Proximity to apartments required strict inwardness. He neither looked to the side, nor, in foremind, noticed much outside his immediate purpose. Through the portals he saw that dwellers slept and studied and played with progeny and sat their rugs, but he registered little of all that. Walking next to a fellow digger, the fellow nodded at him, but kept the silence of the walk. He noted some static maintenance workers had joined the procession in a show of support.

And then, at the next curve of the way, stood Maret Din Kharon. She fell in beside him.

“Here are rugs we will never see again,” he muttered by way of greeting. “All for the whim of Nefer.”

“We renew our home, Vod-as.
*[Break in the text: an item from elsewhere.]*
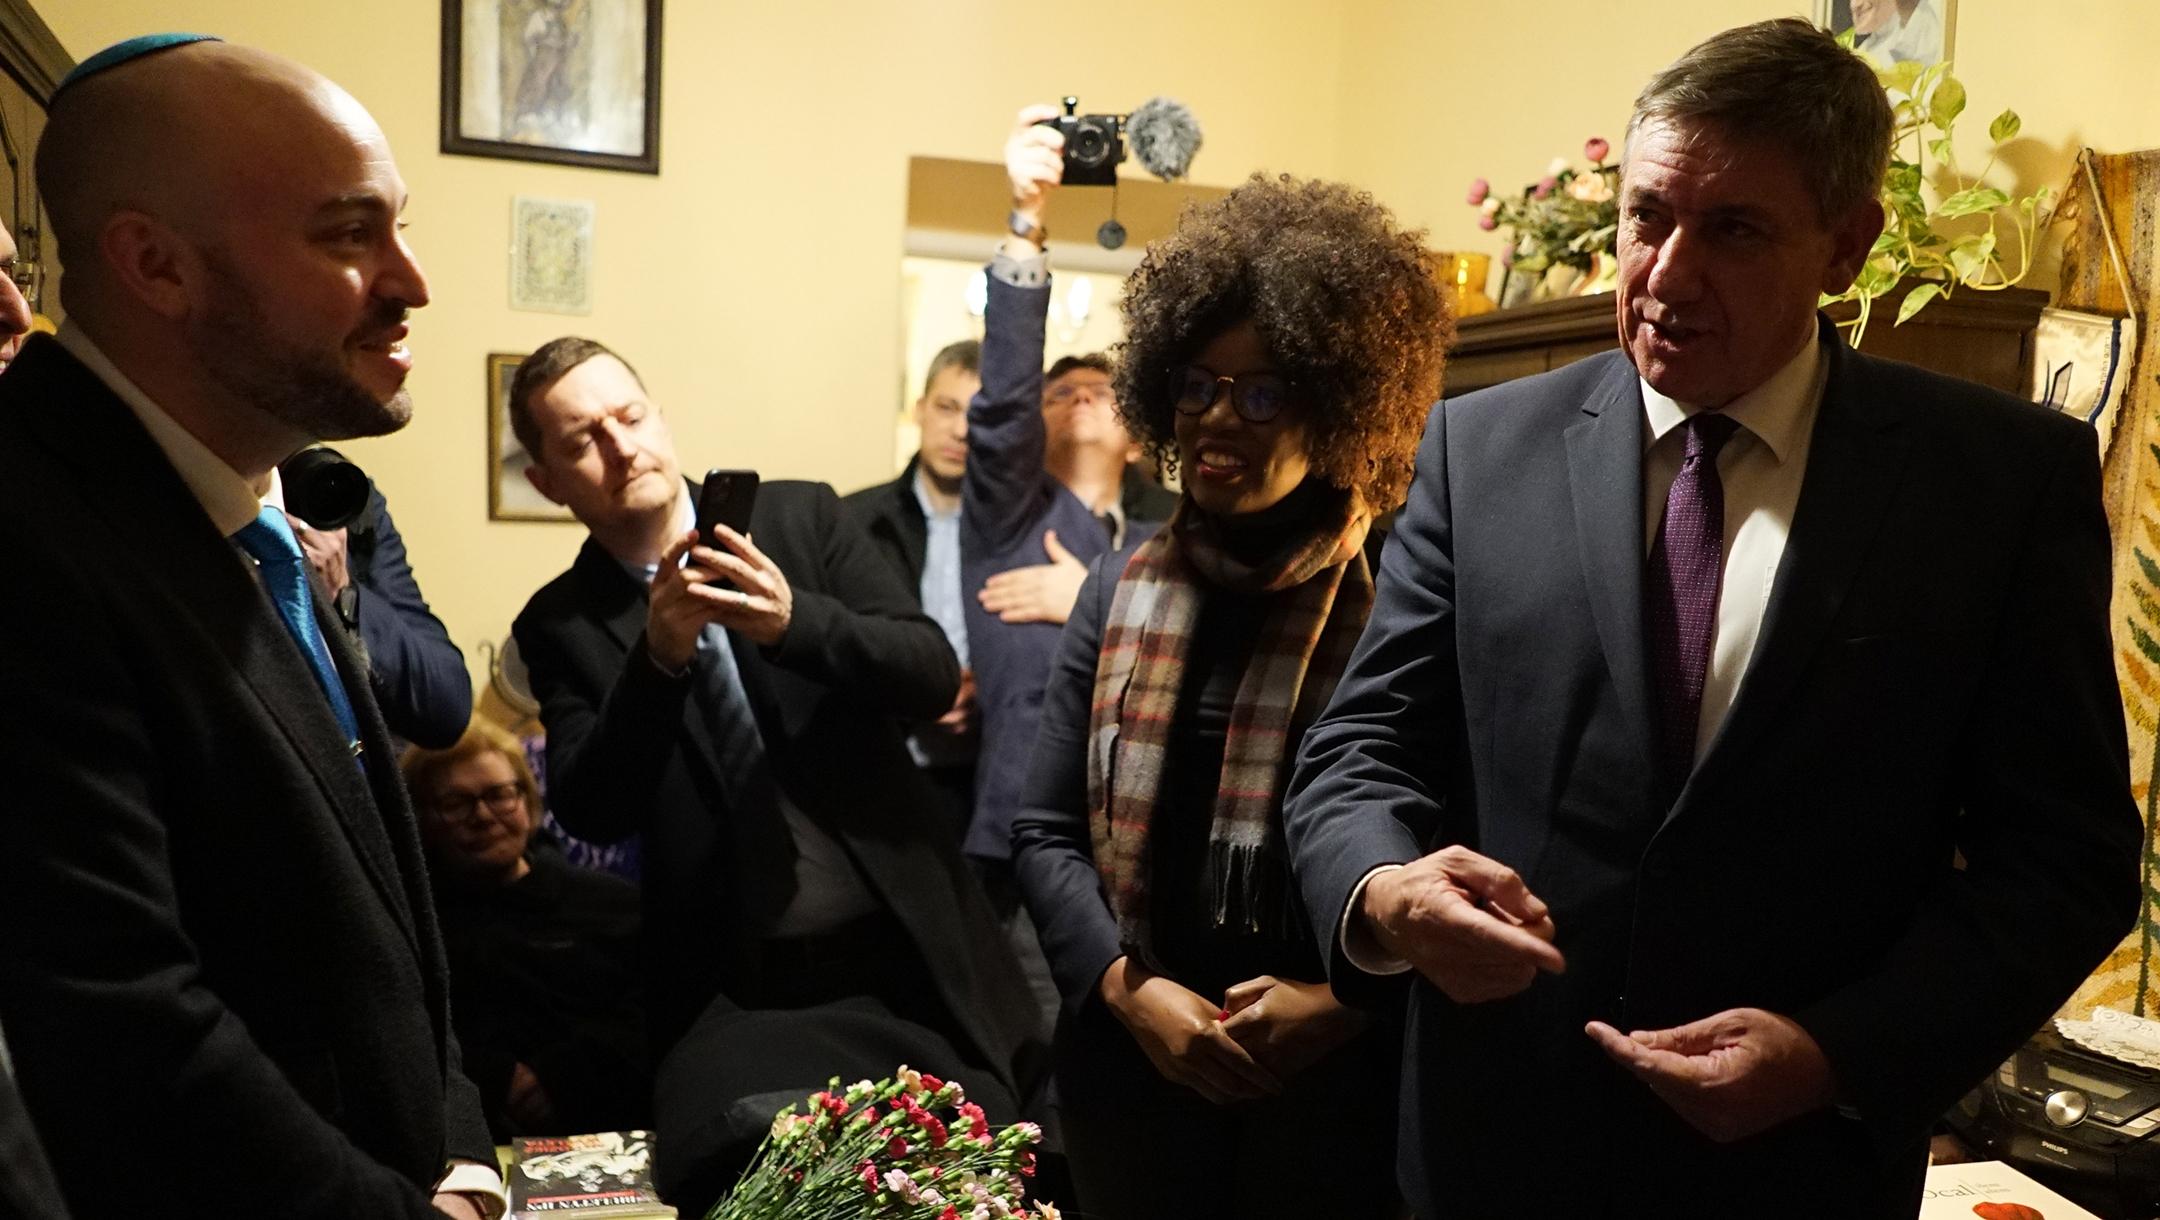 Flemish Prime Minister Jan Jambon, right, Froum the Depths founder Jonny Daniels, left, and members of the Belgian delegation visiting the home of Maria Nowak in Krakow, Poland on Jan. 20, 2020. (Tytus Kondracki)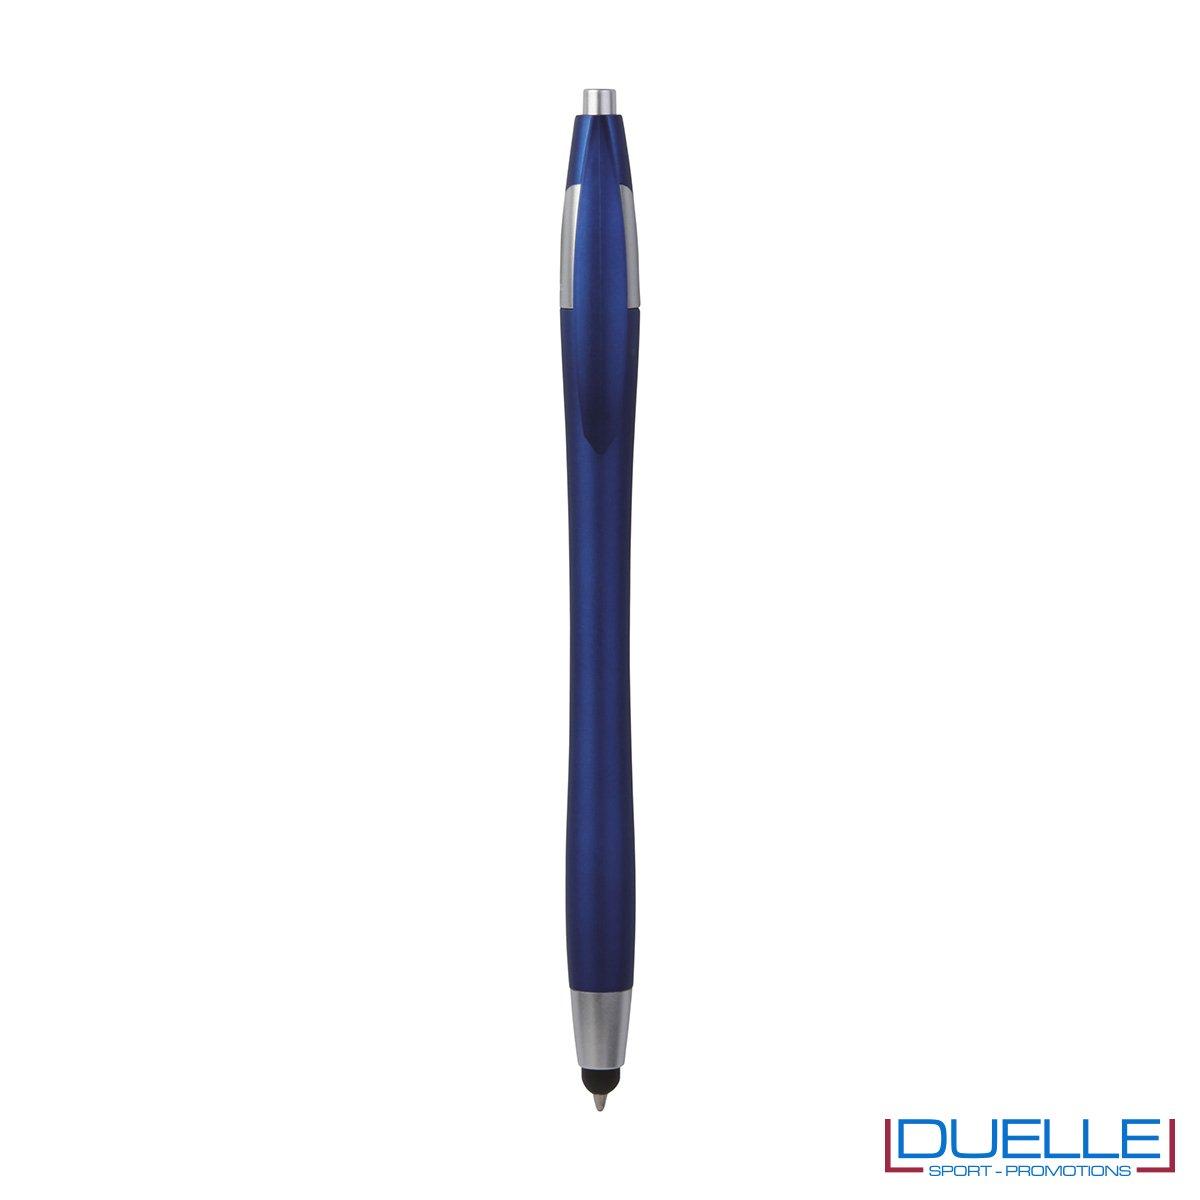 Penna touch screen a sfera in plastica . La chiusura è a scatto.

I have two sadnesses for the deaths, but sometimes there will be a lapse in safety.”

He spoke close to her ear. “Her
whim
, those tunnels.”

“We must renew our world,” she whispered.

The vision of Wecar’s hand protruding from the slide prompted his bitter reply: “You sound like a static.” At the rebuke, Maret fell silent. “If you will speak like a static, best you don’t come to lay the rugs down.”

Maret dropped back, and Vod stopped with her for a moment.

“Best you don’t come farther, Maret-as, if you still keep your color.”
While those with murdered kin pale with grief
. He thought it, but kept it to himself.

She nodded gravely, standing calm as stone while the procession retreated into the depths.

The sixteen rugs were borne along, tightly rolled, pattern facing inward. The footfalls of the mourners were the only sounds, as dwellers stopped their errands to let the procession pass by. With every step, Vod dug a deeper groove in his heart, hating Nefer Ton Enkar.